**Extracted data:**
'''

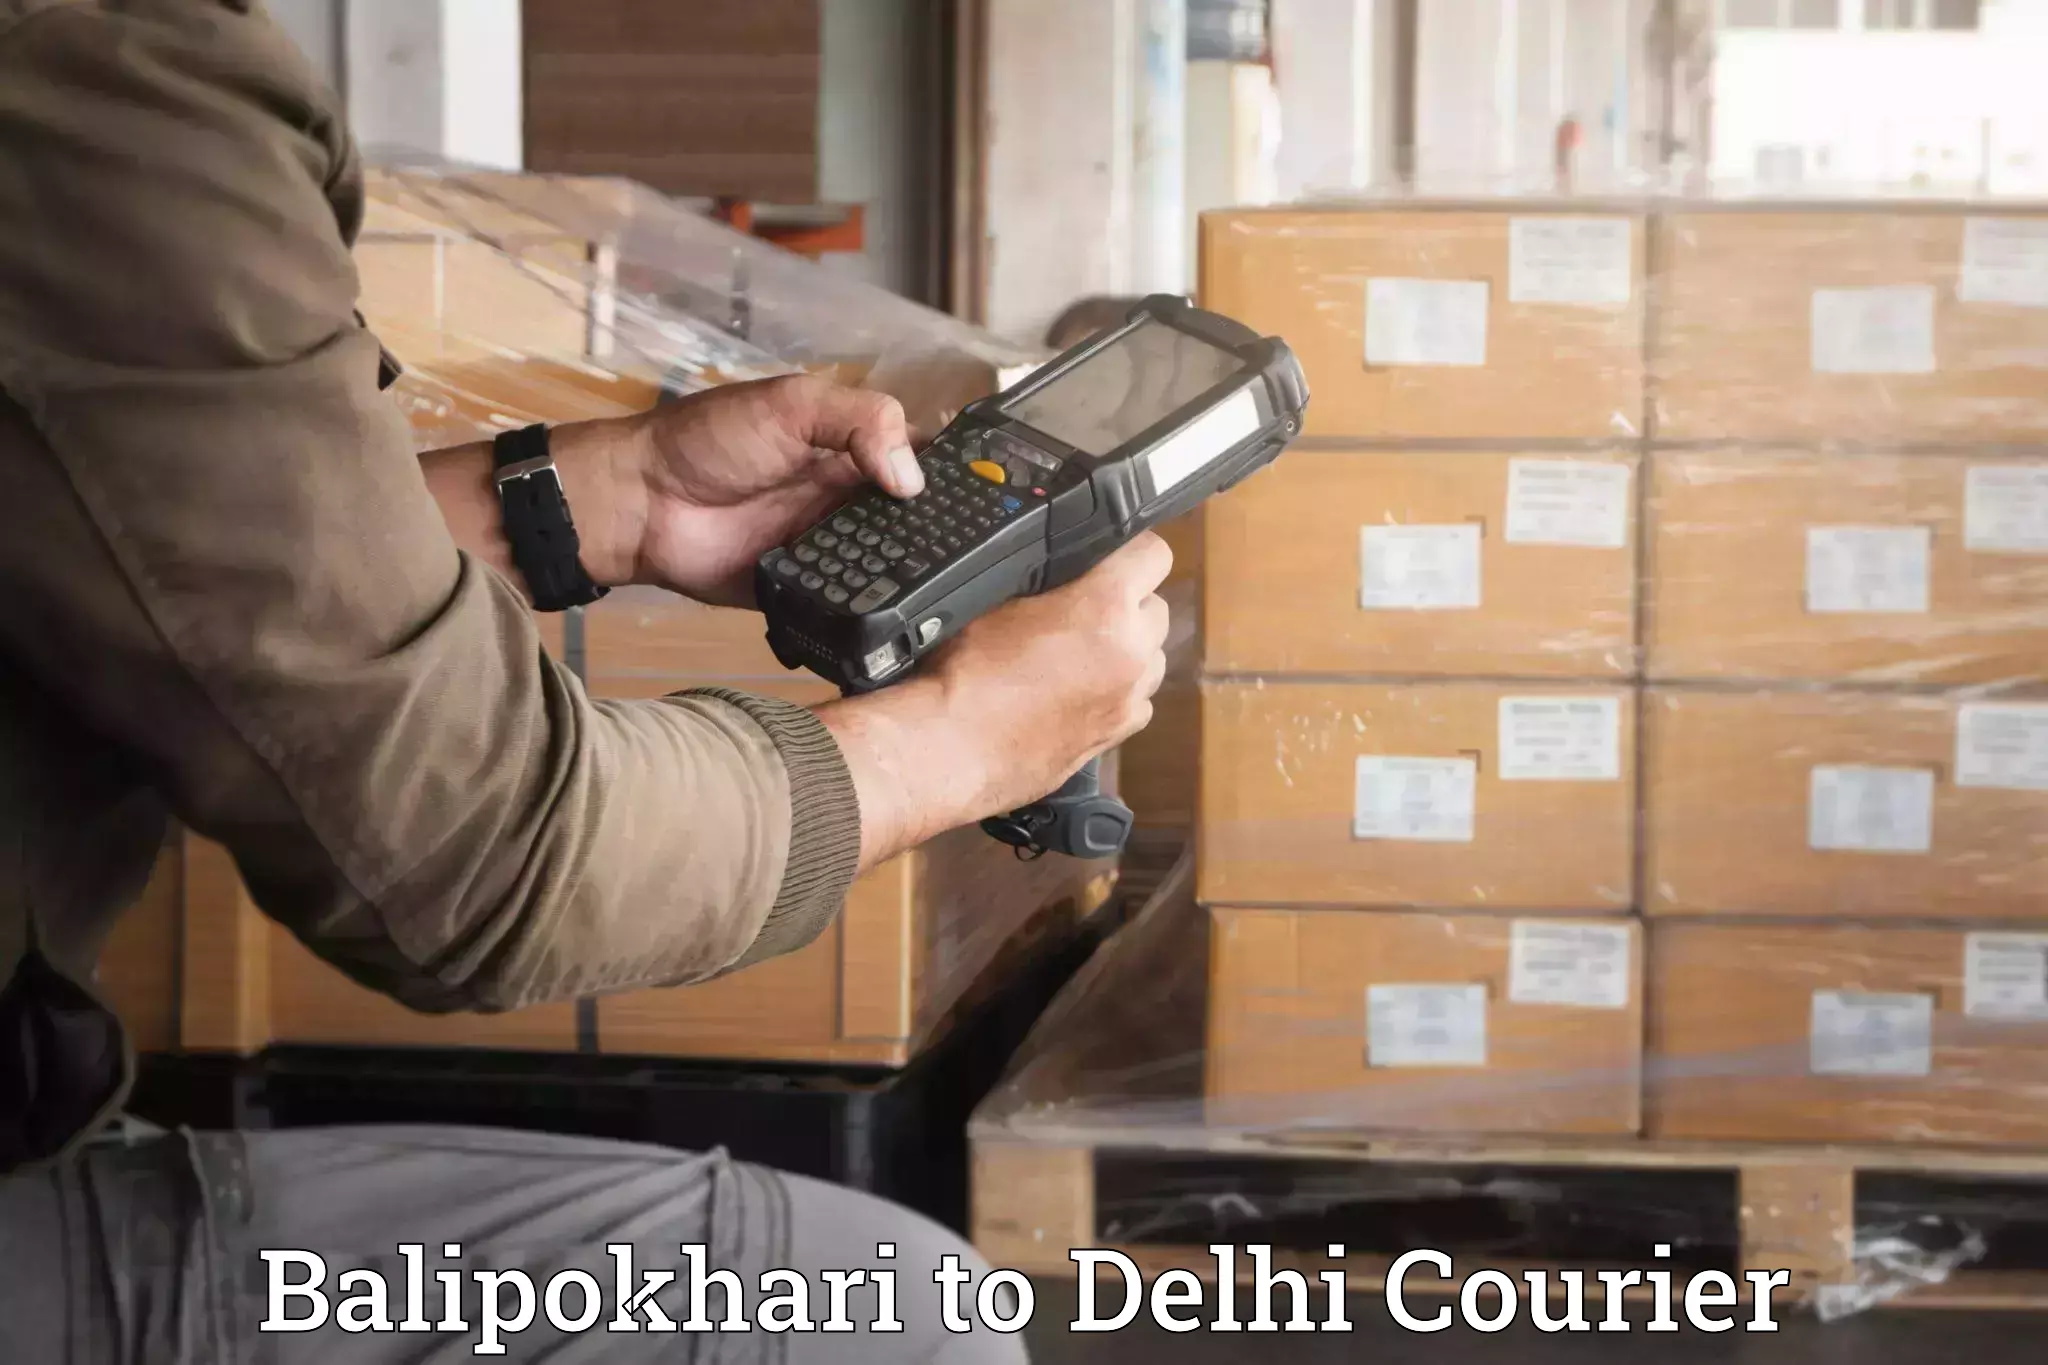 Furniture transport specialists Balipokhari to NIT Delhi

'''
'''

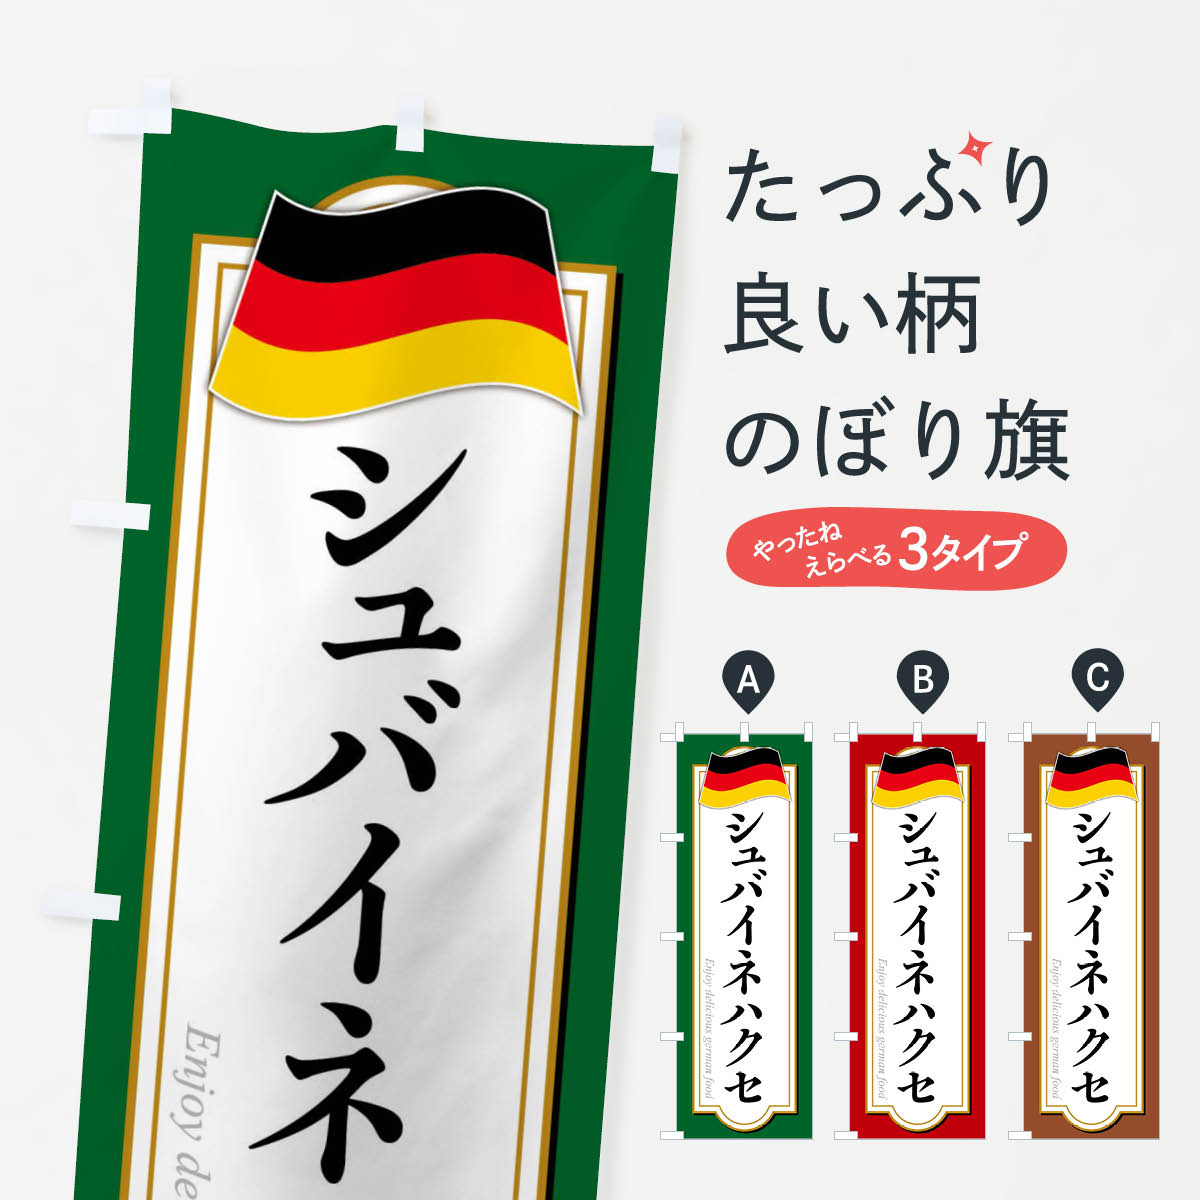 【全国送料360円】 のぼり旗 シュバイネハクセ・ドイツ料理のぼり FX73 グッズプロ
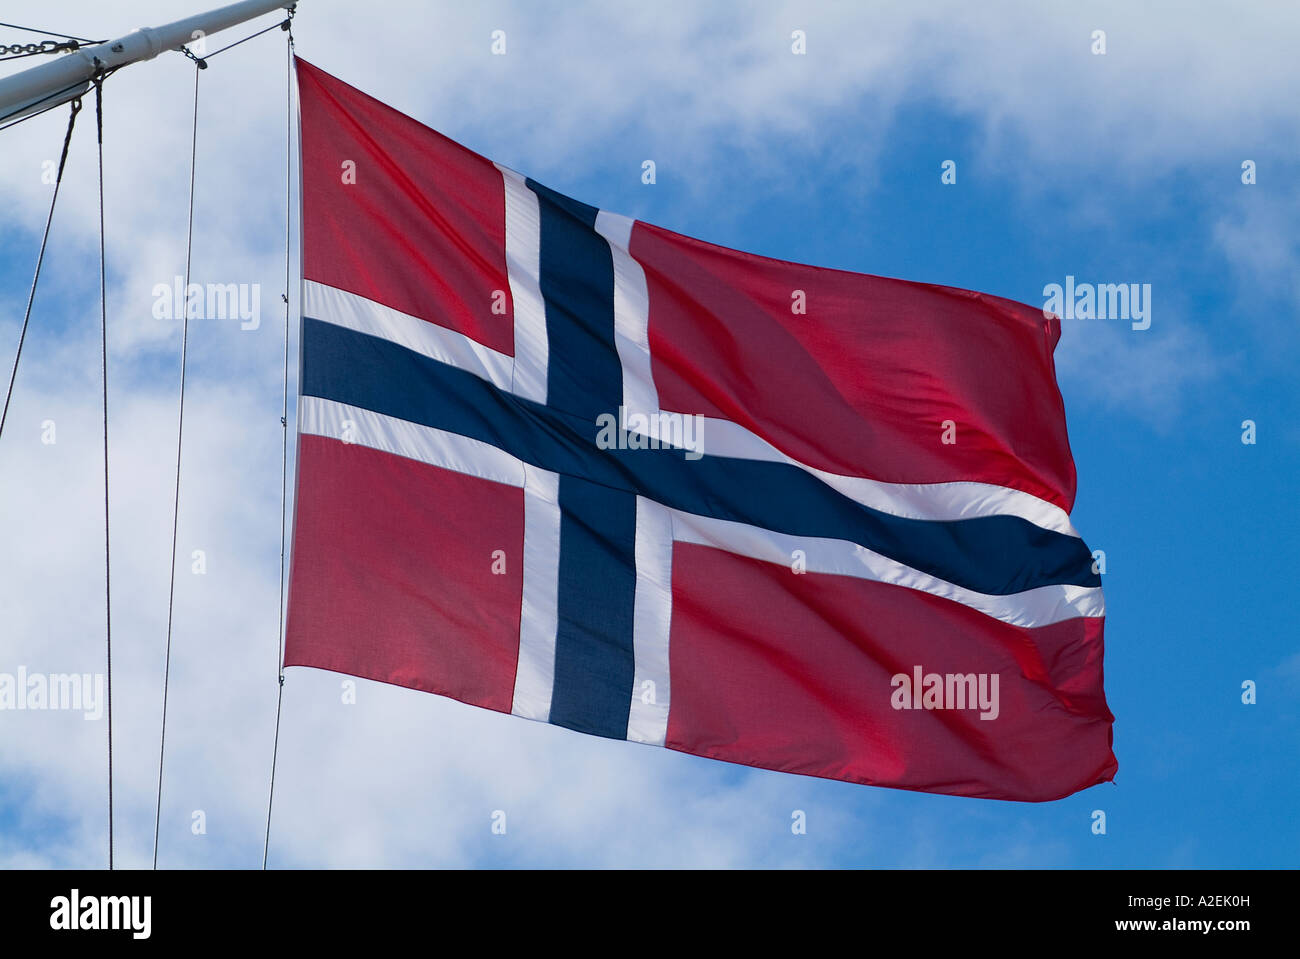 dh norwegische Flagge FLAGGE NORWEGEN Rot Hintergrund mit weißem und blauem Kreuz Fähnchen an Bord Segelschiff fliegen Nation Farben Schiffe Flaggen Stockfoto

'''
'''

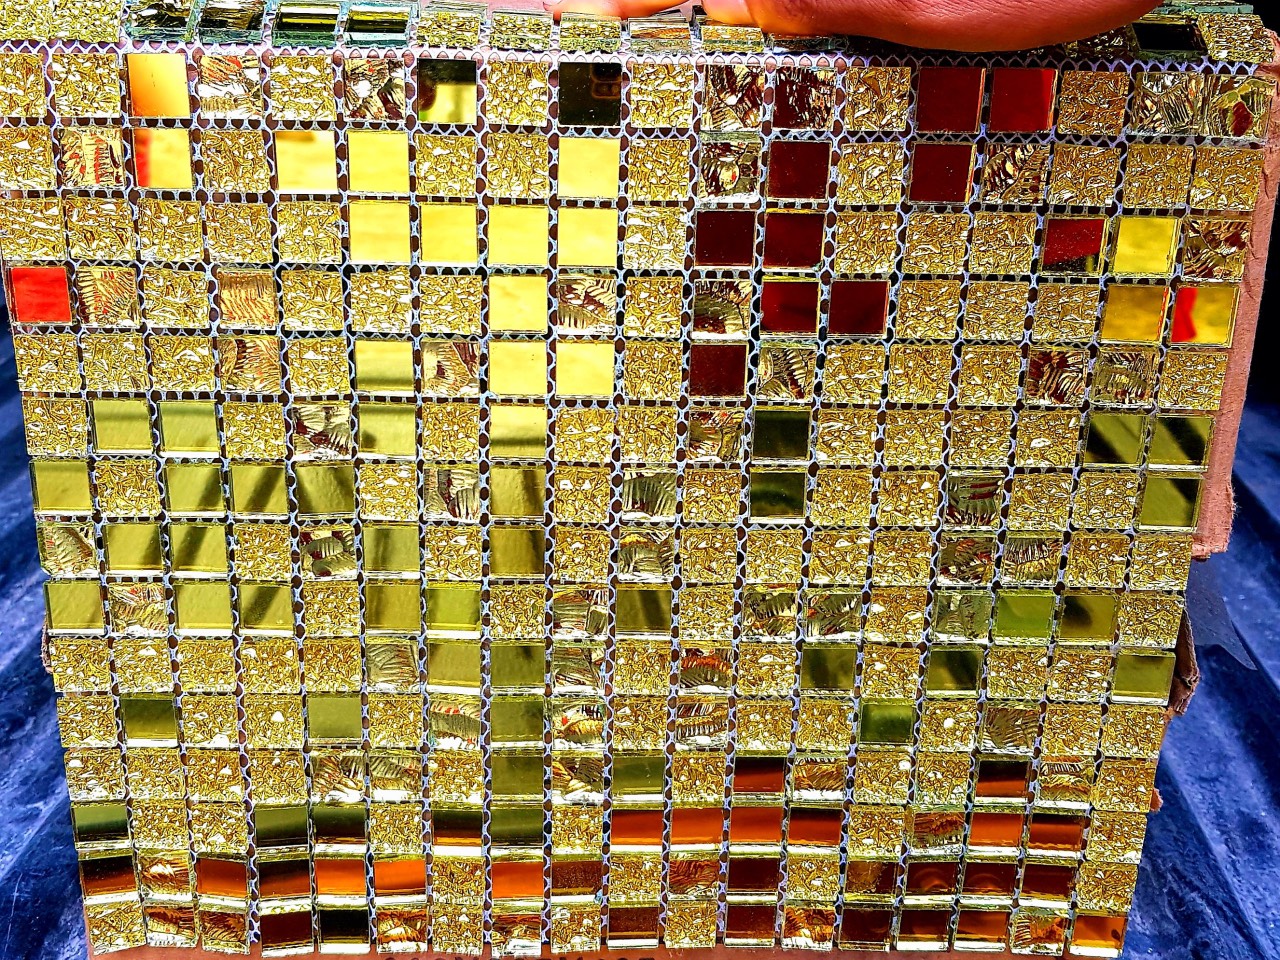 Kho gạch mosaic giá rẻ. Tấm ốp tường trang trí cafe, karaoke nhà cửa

'''

**Brief:**
The copy should hold exactly the lines above from the one with "シュバイネハクセ・ドイツ料理のぼり FX73 グッズプロ" through the one with "dh norwegische Flagge", both ends counted, and no pictures at all.

**Solution for this exercise:**
 【全国送料360円】 のぼり旗 シュバイネハクセ・ドイツ料理のぼり FX73 グッズプロ
 dh norwegische Flagge FLAGGE NORWEGEN Rot Hintergrund mit weißem und blauem Kreuz Fähnchen an Bord Segelschiff fliegen Nation Farben Schiffe Flaggen Stockfoto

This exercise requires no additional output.